EXERCISE MATERIAL:
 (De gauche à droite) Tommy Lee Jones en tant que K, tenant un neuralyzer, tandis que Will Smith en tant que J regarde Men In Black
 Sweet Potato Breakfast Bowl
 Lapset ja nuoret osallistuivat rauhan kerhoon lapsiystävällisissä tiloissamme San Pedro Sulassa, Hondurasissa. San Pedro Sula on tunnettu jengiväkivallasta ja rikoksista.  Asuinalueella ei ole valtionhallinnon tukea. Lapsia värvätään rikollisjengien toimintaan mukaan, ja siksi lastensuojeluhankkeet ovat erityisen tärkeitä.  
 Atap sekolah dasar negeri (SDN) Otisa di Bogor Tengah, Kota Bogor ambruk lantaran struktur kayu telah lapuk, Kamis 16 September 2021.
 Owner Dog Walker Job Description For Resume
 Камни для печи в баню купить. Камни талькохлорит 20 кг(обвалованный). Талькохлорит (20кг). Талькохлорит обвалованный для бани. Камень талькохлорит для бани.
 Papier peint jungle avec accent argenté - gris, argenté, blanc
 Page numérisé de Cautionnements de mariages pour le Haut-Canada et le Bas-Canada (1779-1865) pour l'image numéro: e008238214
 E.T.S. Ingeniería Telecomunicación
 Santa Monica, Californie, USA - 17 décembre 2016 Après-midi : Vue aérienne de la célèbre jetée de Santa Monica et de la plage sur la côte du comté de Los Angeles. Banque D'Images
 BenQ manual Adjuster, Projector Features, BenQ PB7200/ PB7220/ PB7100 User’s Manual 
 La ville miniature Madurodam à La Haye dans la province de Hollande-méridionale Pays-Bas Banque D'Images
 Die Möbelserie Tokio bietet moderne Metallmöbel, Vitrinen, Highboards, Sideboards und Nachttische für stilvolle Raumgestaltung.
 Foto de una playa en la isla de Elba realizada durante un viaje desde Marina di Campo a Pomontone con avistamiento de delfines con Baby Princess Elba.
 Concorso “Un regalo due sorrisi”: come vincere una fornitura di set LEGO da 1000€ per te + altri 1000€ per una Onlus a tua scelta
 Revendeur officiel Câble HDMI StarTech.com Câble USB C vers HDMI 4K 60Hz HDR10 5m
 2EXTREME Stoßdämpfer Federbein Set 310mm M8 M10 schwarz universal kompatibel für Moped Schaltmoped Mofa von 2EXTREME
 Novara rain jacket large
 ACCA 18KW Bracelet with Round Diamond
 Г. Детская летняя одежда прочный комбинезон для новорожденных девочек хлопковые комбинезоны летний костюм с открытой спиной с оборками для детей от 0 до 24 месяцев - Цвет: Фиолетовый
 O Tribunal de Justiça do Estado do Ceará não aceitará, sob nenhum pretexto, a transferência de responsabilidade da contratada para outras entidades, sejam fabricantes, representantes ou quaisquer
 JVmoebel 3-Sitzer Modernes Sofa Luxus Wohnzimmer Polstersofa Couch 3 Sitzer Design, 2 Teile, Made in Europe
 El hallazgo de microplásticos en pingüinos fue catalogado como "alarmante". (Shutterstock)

THE PROBLEM:
Quote every line of the records above, from the first down to the one holding "Камни для печи", exactly as written.

TASK SOLUTION:
 (De gauche à droite) Tommy Lee Jones en tant que K, tenant un neuralyzer, tandis que Will Smith en tant que J regarde Men In Black
 Sweet Potato Breakfast Bowl
 Lapset ja nuoret osallistuivat rauhan kerhoon lapsiystävällisissä tiloissamme San Pedro Sulassa, Hondurasissa. San Pedro Sula on tunnettu jengiväkivallasta ja rikoksista.  Asuinalueella ei ole valtionhallinnon tukea. Lapsia värvätään rikollisjengien toimintaan mukaan, ja siksi lastensuojeluhankkeet ovat erityisen tärkeitä.  
 Atap sekolah dasar negeri (SDN) Otisa di Bogor Tengah, Kota Bogor ambruk lantaran struktur kayu telah lapuk, Kamis 16 September 2021.
 Owner Dog Walker Job Description For Resume
 Камни для печи в баню купить. Камни талькохлорит 20 кг(обвалованный). Талькохлорит (20кг). Талькохлорит обвалованный для бани. Камень талькохлорит для бани.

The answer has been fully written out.